The idea would be to take a list of URLs containing Text Fragments and turn them into an
Annotation Collection of text quote selection annotations, then run those through Apache
Annotator on the page (possibly with the use of a headless DOM environment), and return
the list of quotes that were not found (aka "orphaned annotations").
My priorities continue to keep me elsewhere, but I thought I'd share in case
someone else had the same need or a burning interest in making something simple
with Apache Annotator. :)
Note previous discussion here:
https://github.com/apache/incubator-annotator/issues/60
I’ll quote my last comment back then (november 2020):
We shortly discussed this topic in today’s call while looking over
the open issues. We agreed that just parsing the syntax is not much
use, as it comes together with a specific algorithm for finding the
target text, which differs from the Web Annotation model.

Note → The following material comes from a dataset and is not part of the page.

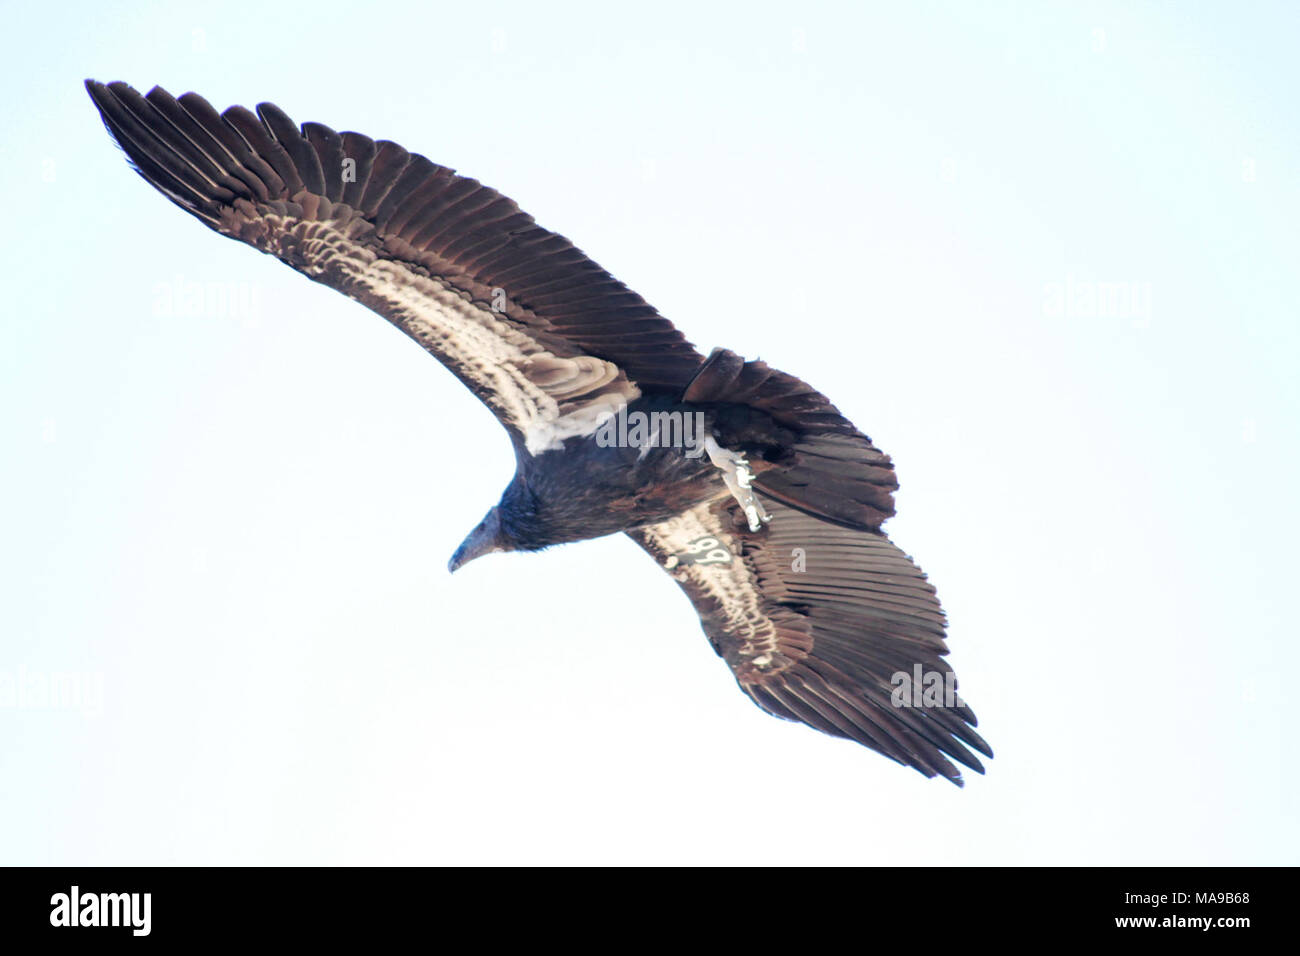 Condor Unterseite. Die nach Kalifornien Condor ist einheitlich schwarz, mit der Ausnahme, vor allem in der männlichen, von großen dreieckigen Flecken oder Streifen in Weiß auf der Unterseite der Flügel. Er hat graue Beine und Füße, einen Elfenbeinfarbenen Bill, ein Halskrause der schwarzen Federn, die die Basis des Halses und bräunlich-rote Augen. Als Anpassung für Hygiene, der Condor Kopf und Hals haben wenige Federn, die die Haut auf die sterilisierende Wirkung von Dehydratation und solar UV-Licht macht in großen Höhen. Die Haut von Kopf und Hals ist in der Lage, deutlich Spülen in Reaktion auf emotionale St Stockbild
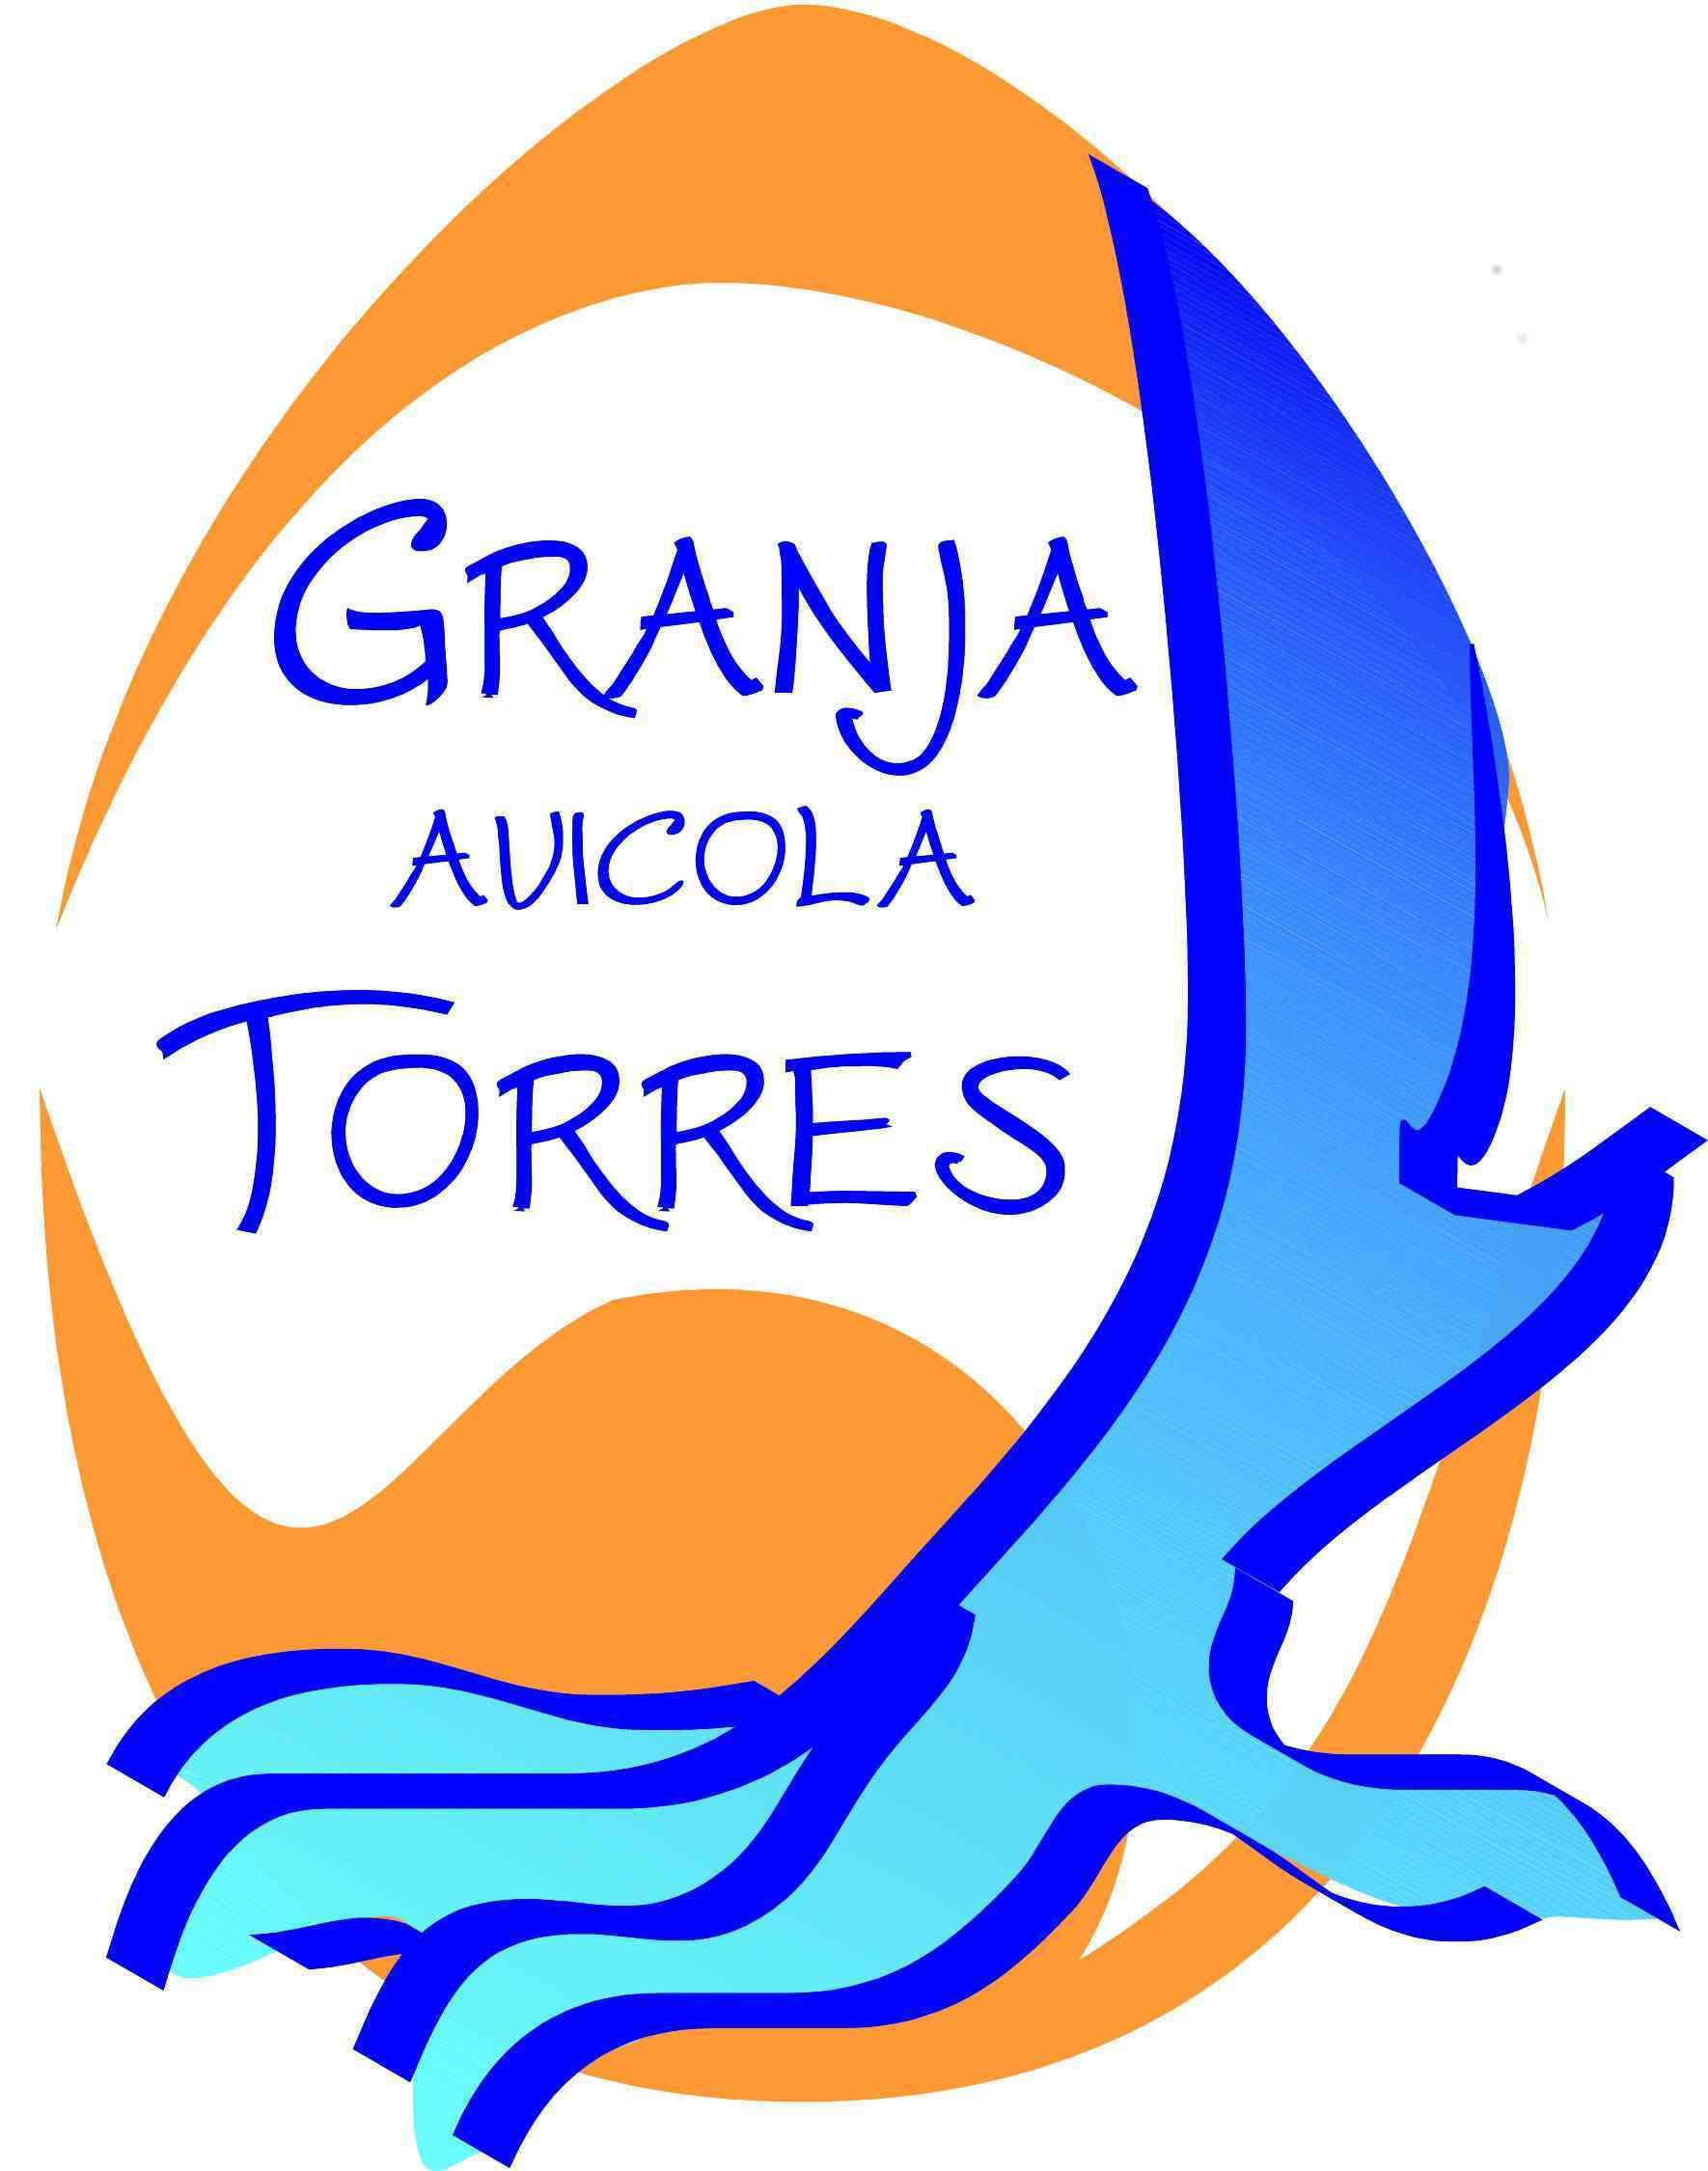 Granja Avicola Torres, S.L

A quick overview of things we could provide:
*
anchoring of a fragment directive: I implemented the essence of
this already (see above comment); we could provide a function
that simply wraps my implementation. (we even discussed the
option of importing my whole implementation into this repo,
though to me it feels cleaner to keep these as separate projects)
*
describing a selection (a Range or perhaps a list of Ranges) as
a fragment directive: this would need a custom adaptation of
|describeTextQuote|, modified to ensure that the total quote
(including prefix&suffix) ends at word boundaries (note that at
least this is possible now, since a recent change
<https://github.com/WICG/scroll-to-text-fragment/pull/148> in
the spec). Also, it should use a |textStart,textEnd| pair (again
to be cut at word boundaries) instead of an exact quote when the
selection crosses block elements. And perhaps there are more
hurdles.
*
convert fragment directive ⇒ Selector: If the document is
available, we could simply anchor it and describe it in the
other format. Without the document at hand, we could also
convert it, although with a (hopefully small) risk that the
differences in specifications will make it fail to anchor or
(worse) point at something else. I think the conversion could,
after syntax parsing, be done with more or less this simple code:
|({ prefix, textStart, textEnd, suffix }) => textEnd ? { type:
'RangeSelector', start: { type: 'TextQuoteSelector', prefix,
exact: textStart }, end: { type: 'TextQuoteSelector', prefix:
textEnd, exact: '', suffix } } : { type: 'TextQuoteSelector',
prefix, exact: textStart, suffix } |
(note the little hack of using |prefix: textEnd, exact: ''|
because RangeSelector’s end is exclusive and |textEnd| should
nevertheless be included in the target)
*
convert Selector ⇒ fragment directive: the reverse of the above.
Again, if the document is available, we could simply anchor it
and describe it in the other format. But in case the document is
not available, conversion in this direction would only possible
if the selector is of the type/shape shown in the above example
code.
I suppose it is mainly a matter of demand and priority whether we’ll
implement any of these. I might actually try tackle some of these
points soon, as I would like to use these features myself.
I think I did not tackle any of this, different priorities.. and I
surely have no time for this now anymore.